Sergio UribeEl mundo ha aprendido mucho sobre lo que funciona y lo que no funciona en relación con el cultivo, la producción, la comercialización y el consumo de las drogas ilegales. Estas son las lecciones principales para el caso de Colombia.

Sergio Uribe*

Diagnósticos equivocados

El diseño y ejecución de la política antidrogas no se debe basar en opiniones personales ni en interpretaciones sesgadas de datos o testimonios, sino en información recogida por agencias estatales o privadas que proporcionen datos fidedignos. Esto parece obvio, y sin embargo el principal problema  de casi todas las políticas actuales es el hecho de basarse en prejuicios o ideologías que impiden obtener resultados o que resultan contraproducentes.  

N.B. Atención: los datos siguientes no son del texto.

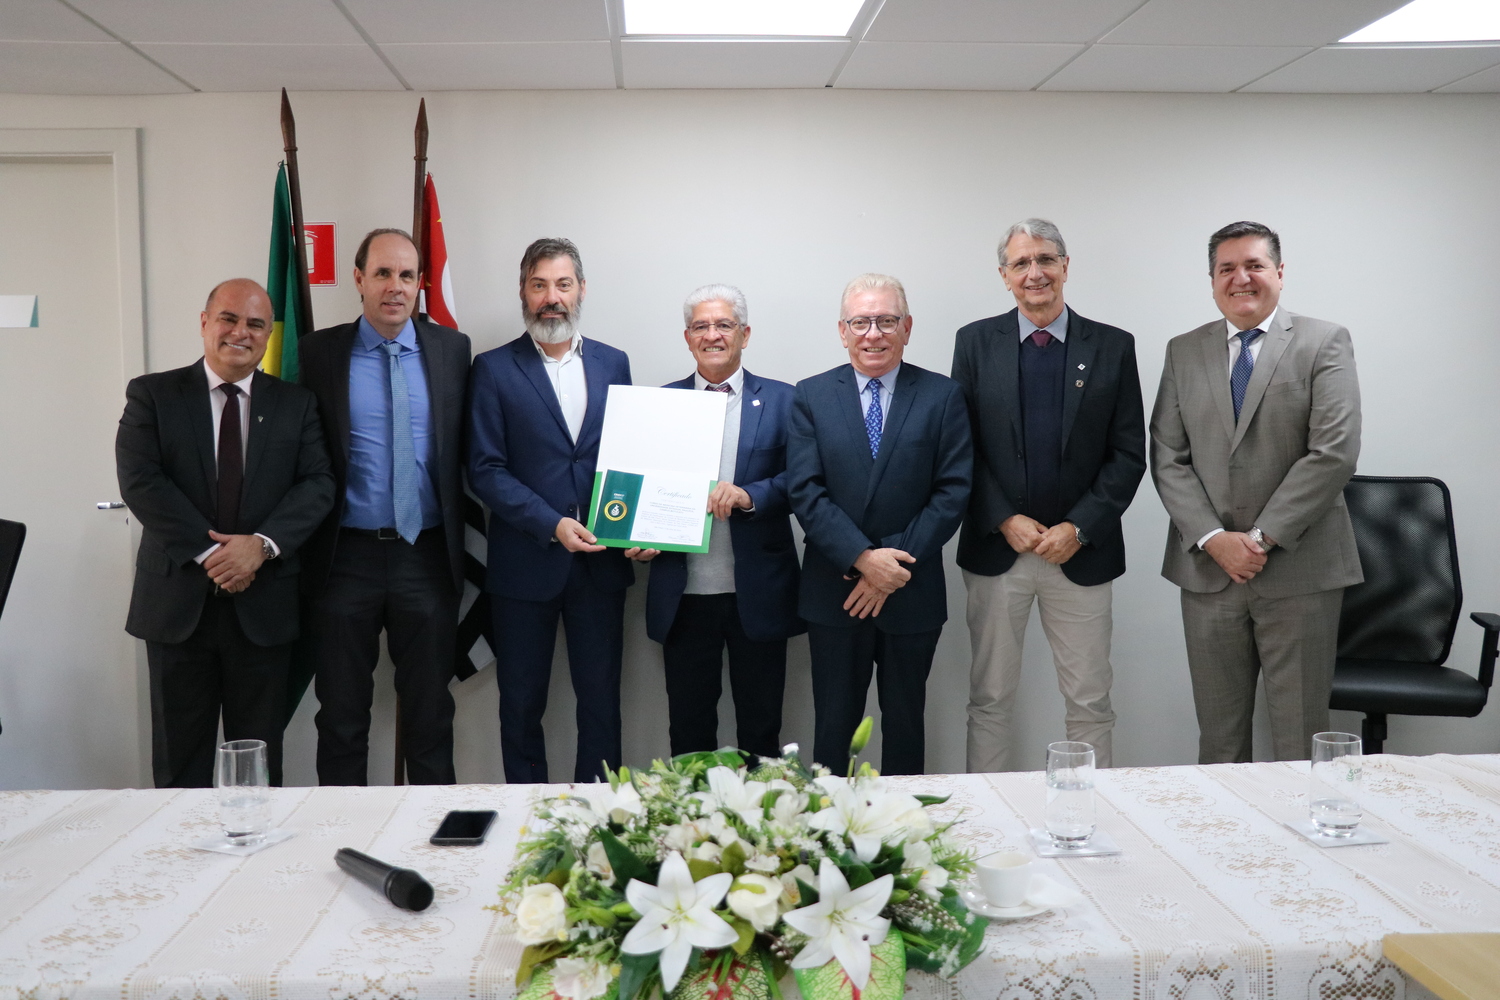 Sete homens, lado a lado, sendo dois membros da Diretoria Executiva do CRMV-SP, e os demais representantes da FMVZ-Unesp - Campus Botucatu, com o certificado recebido.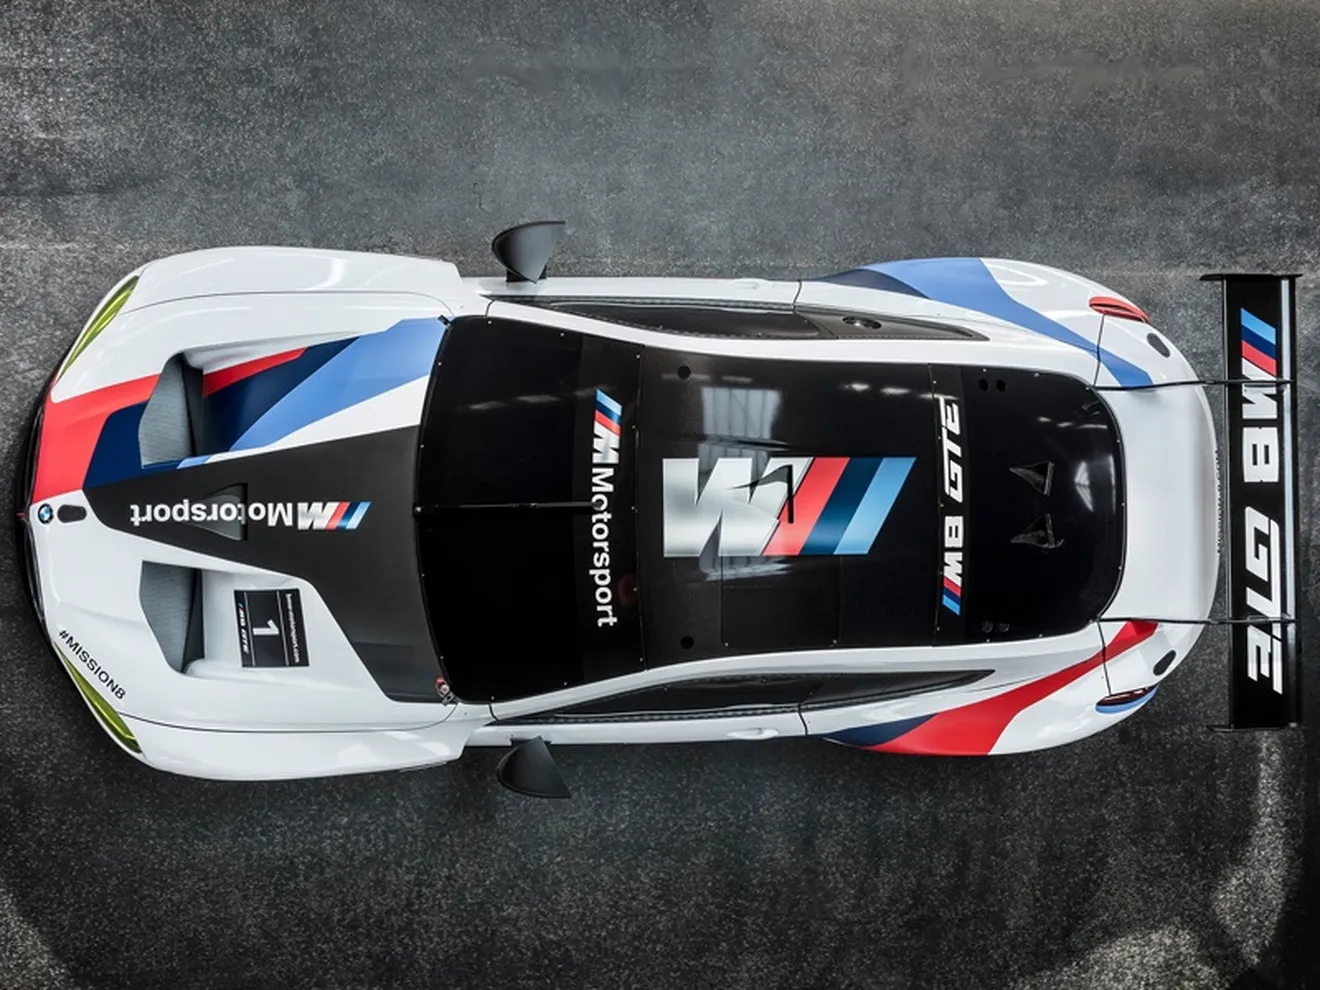 BMW anuncia sus pilotos GTE para el WEC 2018-19 y el IMSA

Para empezar, los cultivos ilícitos se han atribuido a la pobreza de los campesinos a partir -por lo menos- de la llegada a Colombia de los primeros proyectos de “sustitución de cultivos” del Programa de Naciones Unidas para la Fiscalización de las Drogas (PNUFID), que proveían ayudas financieras, alimenticias y técnicas para los cultivadores de coca.  

La estrategia de sustitución de cultivos se basaba en la idea de que reducir las plantaciones sería un arma eficaz contra el narcotráfico, pero ni la sustitución ni la erradicación han logrado controlar la oferta o disponibilidad de las drogas.   

Sociólogos, antropólogos, economistas y politólogos aseguran que al campesino debe tratársele como víctima de la pobreza, el abandono estatal y los grupos armados. Esta lógica ha llevado a adoptar  políticas basadas en la concesión de subsidios que realmente tienen efectos negativos sobre el Estado y sobre estas comunidades.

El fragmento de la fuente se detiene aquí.